A minimal neural network library built from scratch using NumPy. No deep learning frameworks — just pure Python and NumPy.

Built as a learning project to understand what happens under the hood of libraries like PyTorch and Keras.

Installation

No installation required. Just clone the repo and import the modules directly.

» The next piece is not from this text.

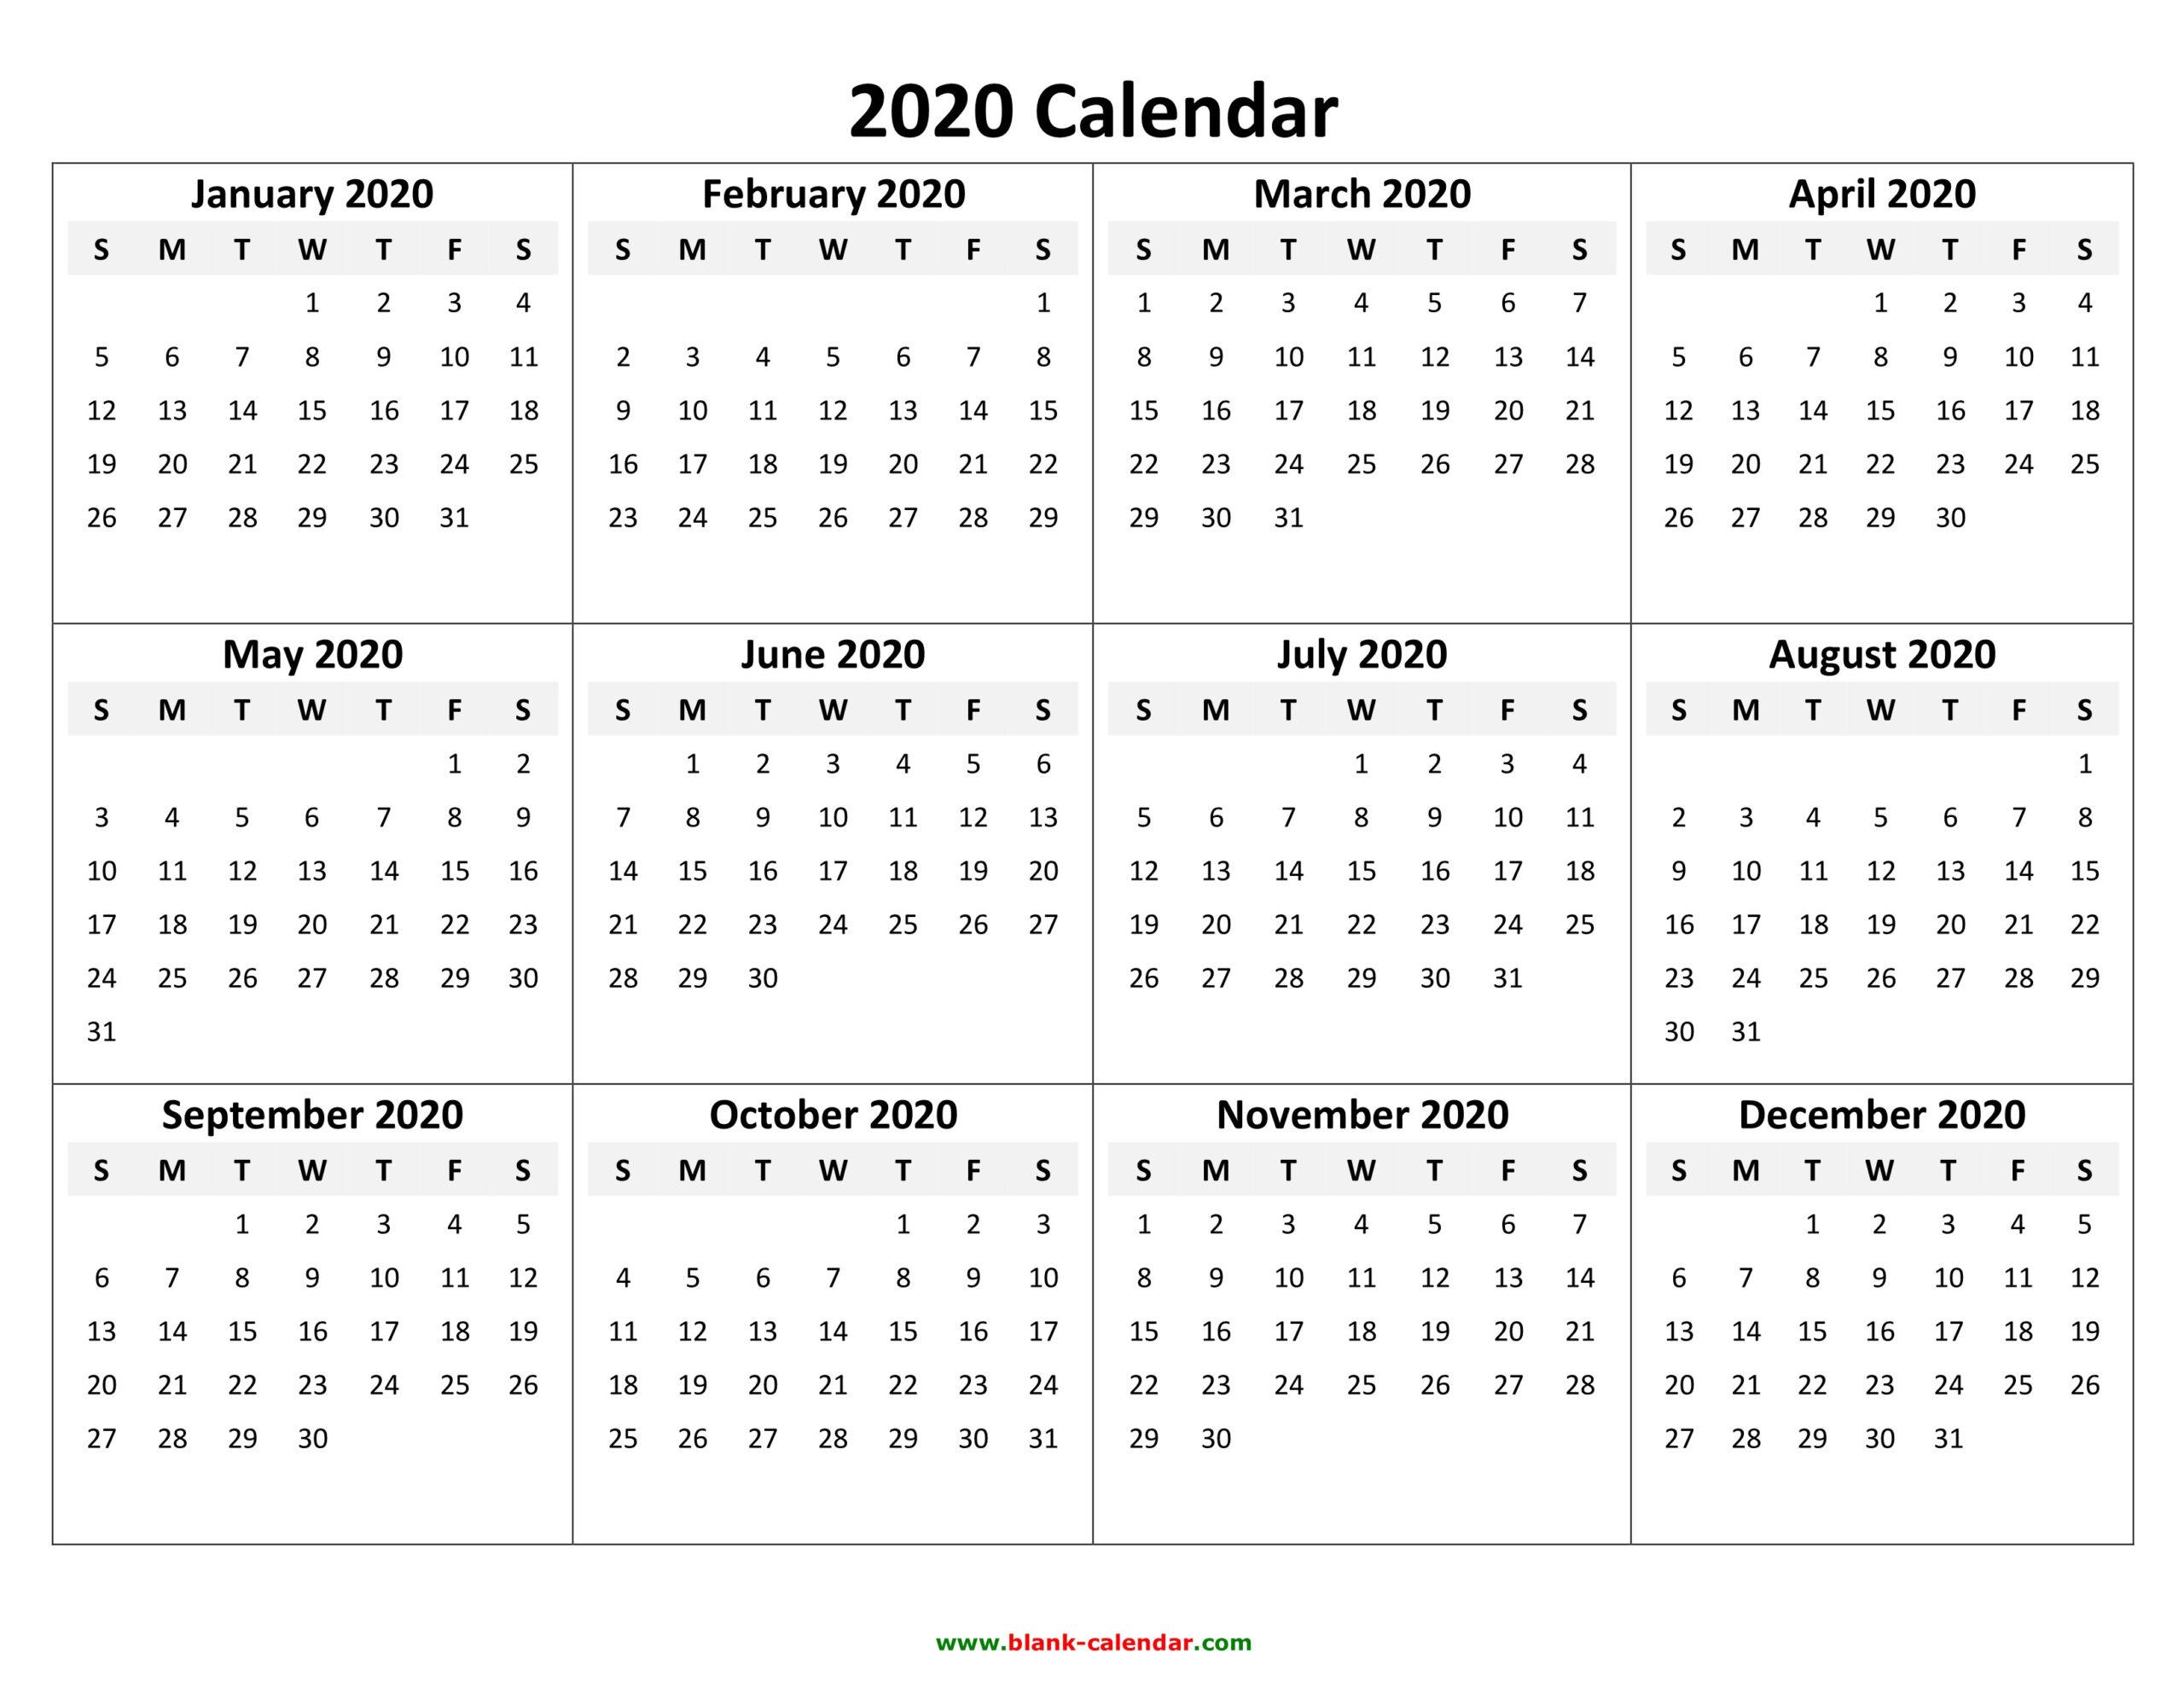 Free 2020 Printable Calendar Templates - Create Your Own  Free Editable Calendar Templates Printable

git clone https://github.com/lummeta25/mini_nn

Requirements: Python 3.x, NumPy

pip install numpy

Usage

import numpy as np
from mini_nn.layers import Dense
from mini_nn.activations import relu
from mini_nn.model import NeuralNetwork

# XOR dataset
X = np.array([
    [0, 0],
    [0, 1],
    [1, 0],
    [1, 1]
])
y = np.array([0, 1, 1, 0])

# Build model
model = NeuralNetwork([
    Dense(4, 2),
    relu(),
    Dense(1, 4),
])

# Train
model.train(X, y, epochs=1000, learning_rate=0.001)

# Predict
for sample in X:
    print(model.forward(sample))

Project Structure

mini_nn/
├── nn/
│   ├── __init__.py
│   ├── layers.py        # Dense layer with forward and backward pass
│   ├── activations.py   # ReLU, Leaky ReLU, Sigmoid, Tanh
│   ├── loss.py          # MSE loss
│   └── model.py         # NeuralNetwork class, training loop

Supported Features

  • Layers: Dense (fully connected)
  • Activations: ReLU, Leaky ReLU, Sigmoid, Tanh
  • Loss: Mean Squared Error (MSE)
  • Training: Stochastic gradient descent with learning rate decay

Roadmap

  • Early stopping
  • Model checkpointing (save best weights)
  • Mini-batch gradient descent
  • Multi-class output support (Softmax + Cross-entropy loss)
  • Additional loss functions
  • Docstrings and full documentation

How It Works

Each layer implements a forward and backward method. During training:

  1. Forward pass — input flows through each layer to produce a prediction
  2. Loss calculation — MSE measures how wrong the prediction is
  3. Backward pass — gradients flow back through each layer using the chain rule
  4. Weight update — weights and biases are adjusted using gradient descent

License

MIT

About

A minimal Neural Network library built only using NumPy. Supports dense layers, backpropagation, and common activation functions.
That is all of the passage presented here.